Whole Genome Sequencing (WGS) workflows demand robust automation that balances throughput, reproducibility, and traceability. For high-throughput sequencing labs, the ability to process hundreds of DNA samples per day with minimal operator touchpoints is essential to meet demand at scale. 

At HighRes Biosolutions, we design modular automation systems capable of processing thousands of DNA samples in under 24 hours. This write-up explores a representative architecture for a WGS production system, designed around pre- and post-PCR workflows, and optimized through CellarioScheduler simulations to automate library preparation from 384 DNA samples across four 96 well plates per day. 

Workflow Goals: End-to-End DNA Processing at Scale 

This representative WGS system was designed to deliver: 

• DNA QC and Normalization across hundreds of samples per run 

• Automated library preparation including fragmentation, bead cleanup, adaptor ligation, and size selection 

• Parallelized PCR enrichment and purification 

• Post-PCR QC and pooling for sequencing-ready libraries 

The operational target was to process 384 samples daily while ensuring assay consistency, minimized consumable waste, and compatibility with stringent sequencing QC requirements. 

Figure 1. Representative system for WGS production.

System Architecture: Modular, Pre/Post-PCR Design 

The system layout reflects the need to separate Pre-PCR and Post-PCR environments, while maintaining fully automated sample handoffs. 

 Figure 2. Design layout of representative WGS production system.  

Pre-PCR devices include: 

• Liquid Handling: 2x Beckman Coulter Biomek i5 (Span-8) 

• Robotics & Storage: HighRes ACell robotic arm on rail, PlateHotels, Cytomat incubators (ambient + refrigerated) 

• Consumables & Prep: Plate sealer (Agilent PlateLoc), plate peeler (Azenta Automated Plate Seal Remover (formerly Brooks XPeel®), barcode scanner, LidValet, and PlateOrient 

• Reagent Handling & Mixing: Multidrop Combi dispenser, BioShake mixers, MicroSpin centrifuge, magnetic base nests 

• Expansion Capacity: Space for Covaris LE220R fragmentation and additional modules 

Post-PCR devices include: 

• Liquid Handling: Beckman Coulter Biomek i5 (Span-8) 

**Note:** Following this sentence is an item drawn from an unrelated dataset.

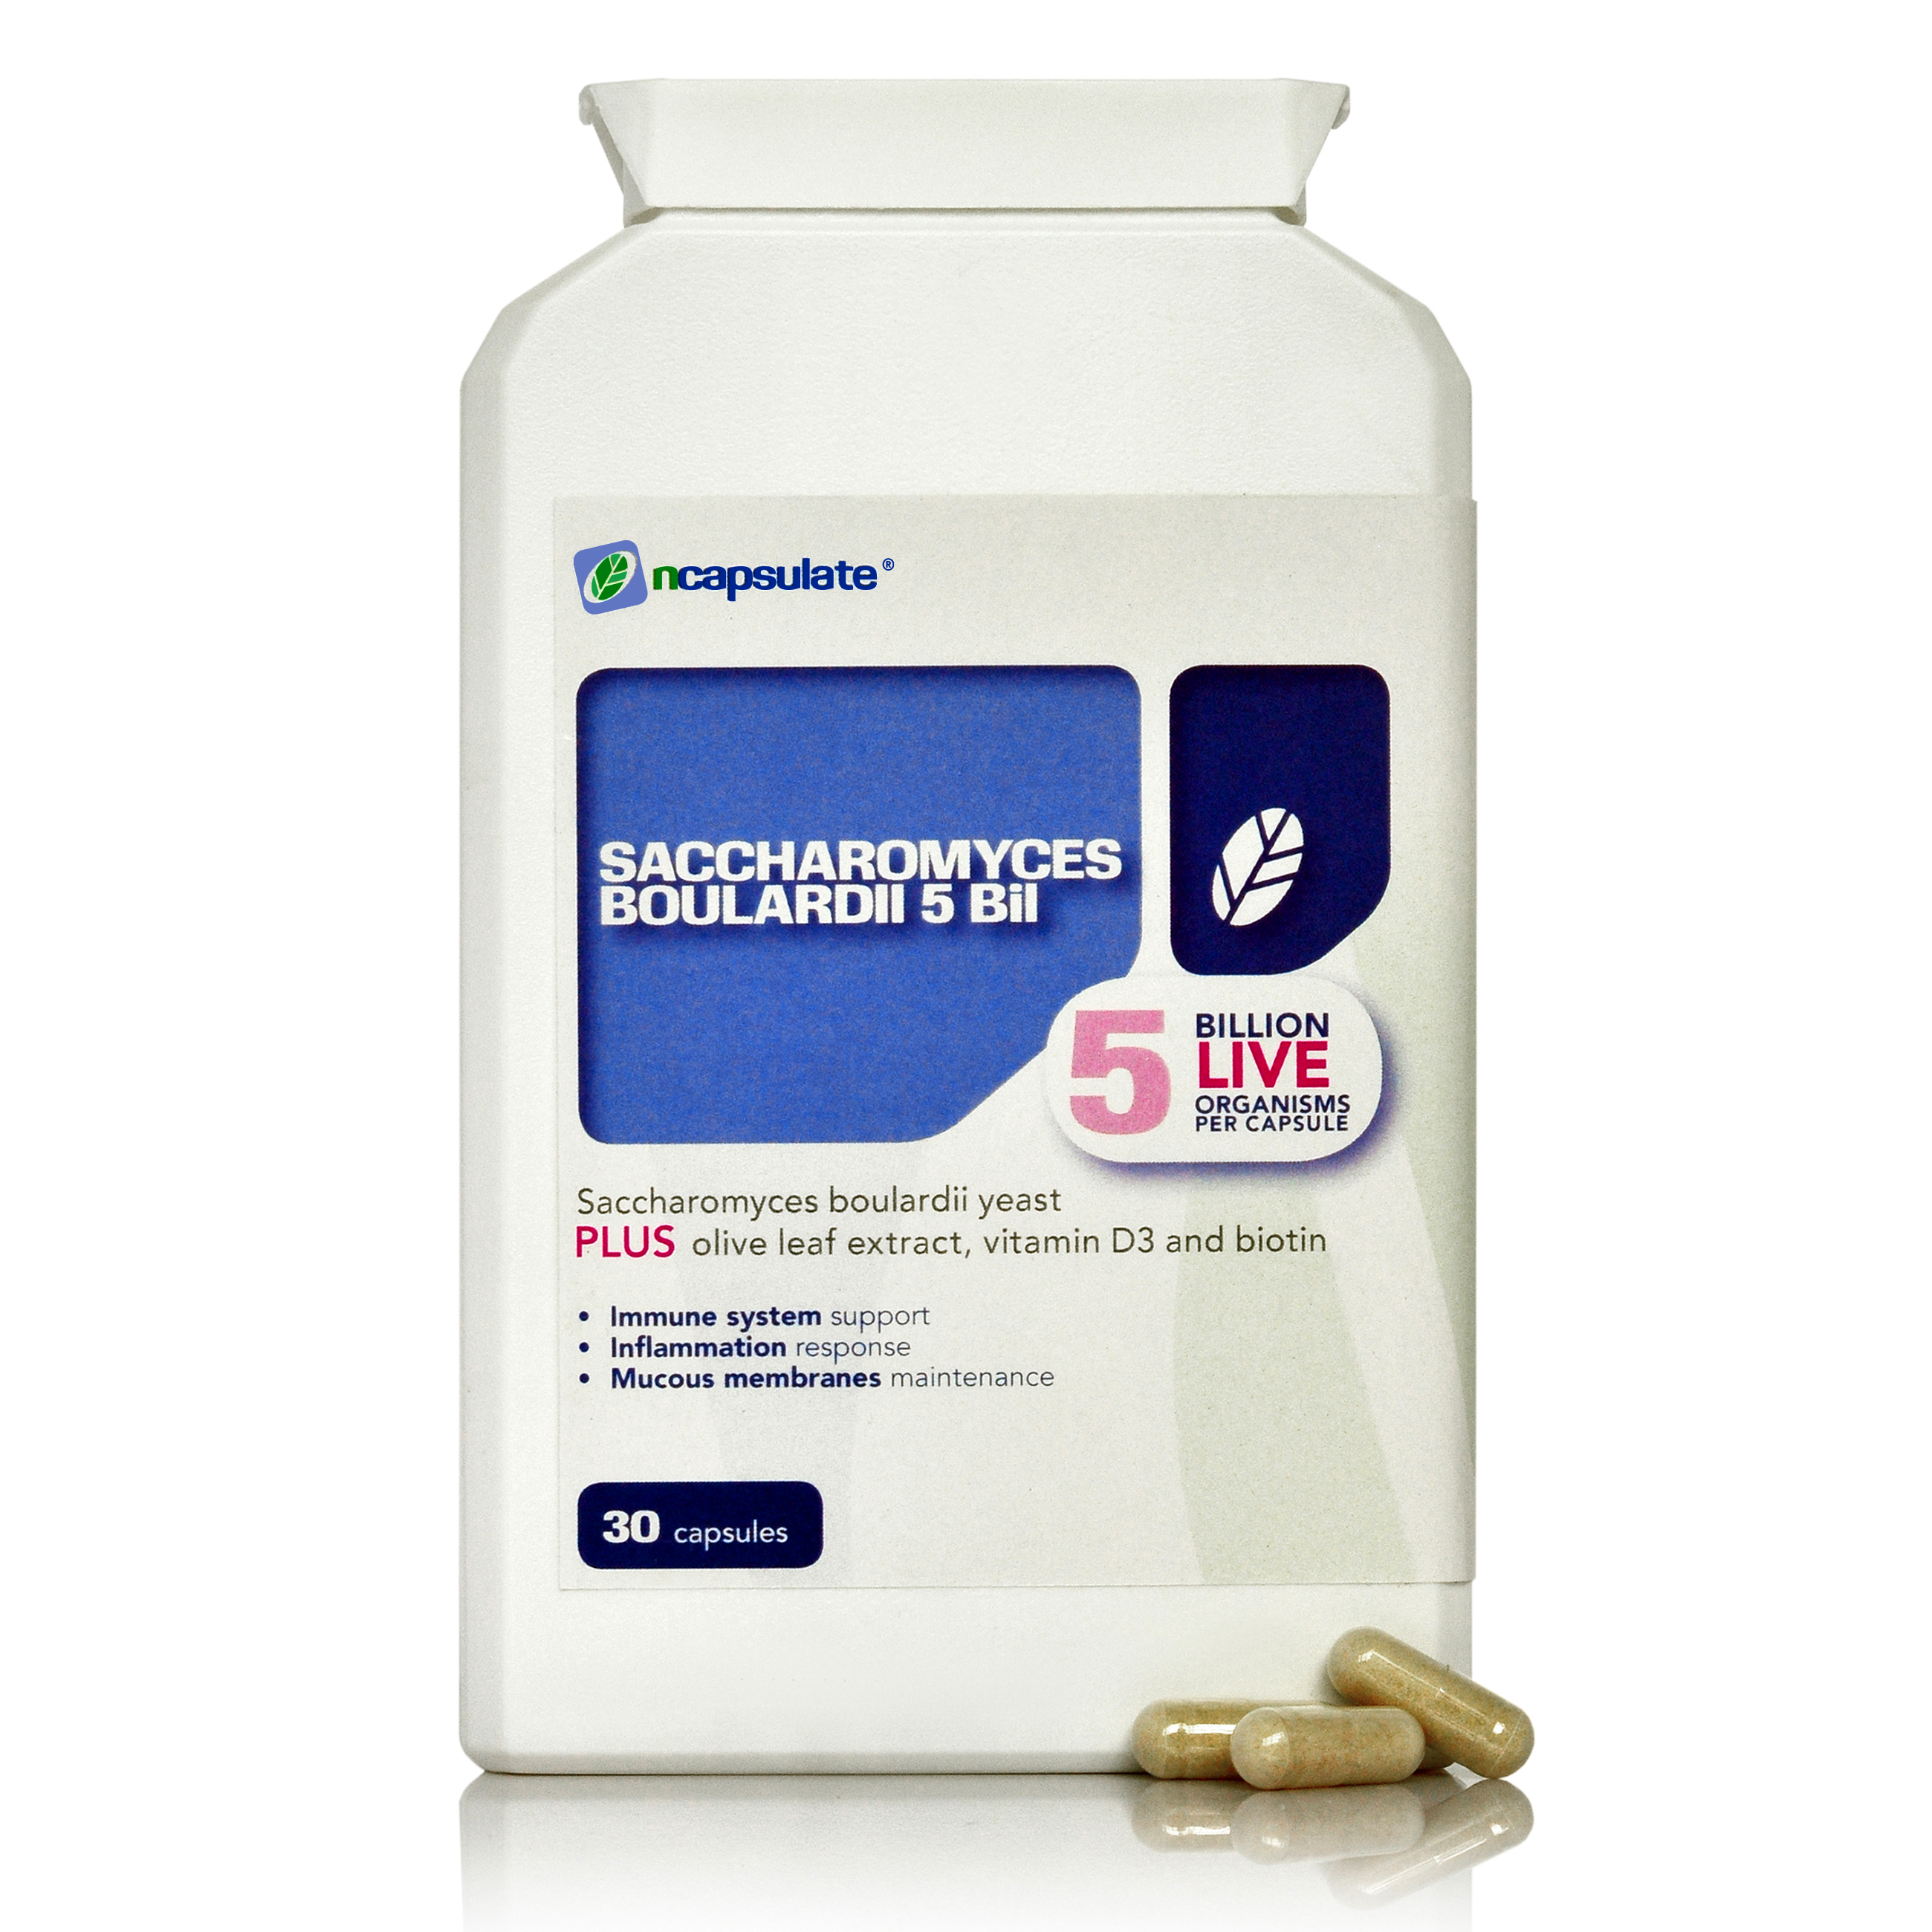 SACCHAROMYCES BOULARDII 5 BIL Probiotic Supplement

• Robotics & Storage: HighRes ACell robotic arm on rail, PlateHotels, Cytomat incubator, automated airlock doors 

• Amplification & QC: QuantStudio qPCR, Agilent Fragment Analyzer, Varioskan LUX multimode reader 

• Consumables & Prep: PlateLoc/Automated Plate Seal Remover (formerly XPeel®), barcode scanner, LidValet, PlateOrient 

• Reagent Handling & Mixing: Multidrop Combi dispensers, MicroSpin centrifuge, magnetic base nests 

This modular approach ensures that scale-up is straightforward due to additional hotels or secondary liquid handlers that can be integrated without redesigning the full system. 

Workflow Considerations: Protocol Design in 9 Parts 

Cellario protocols were designed and simulated in nine linked parts, each reflecting a stage of the sequencing prep workflow. 

Figure 3. CellarioScheduler Protocol Overview for Part 3: Fragmentation 

1. DNA QC – stamping to fragment analysis plates (~3 hours)
2. DNA Normalization & Cherry Pick – compression from multiple input plates (~2.5–4 hours)
3. Fragmentation – manual Covaris fragmentation step, with automated handoff back to the system (~2 hours with operator interaction)
4. Bead Cleanup, End Repair, Adaptor Ligation, Size Selection – fully automated on-deck workflow (~5–7 hours)
5. PCR Enrichment – 3–4 thermal cyclers running in parallel (~1.25 hours)
6. Post-PCR Cleanup & Quantification (~3.5 hours)
7. Library Cherry Pick & Normalization (~1.5 hours)
8. Library QC with fragment analysis and quantification (~3 hours)
9. Pooling – final prep for sequencing (~20 minutes) 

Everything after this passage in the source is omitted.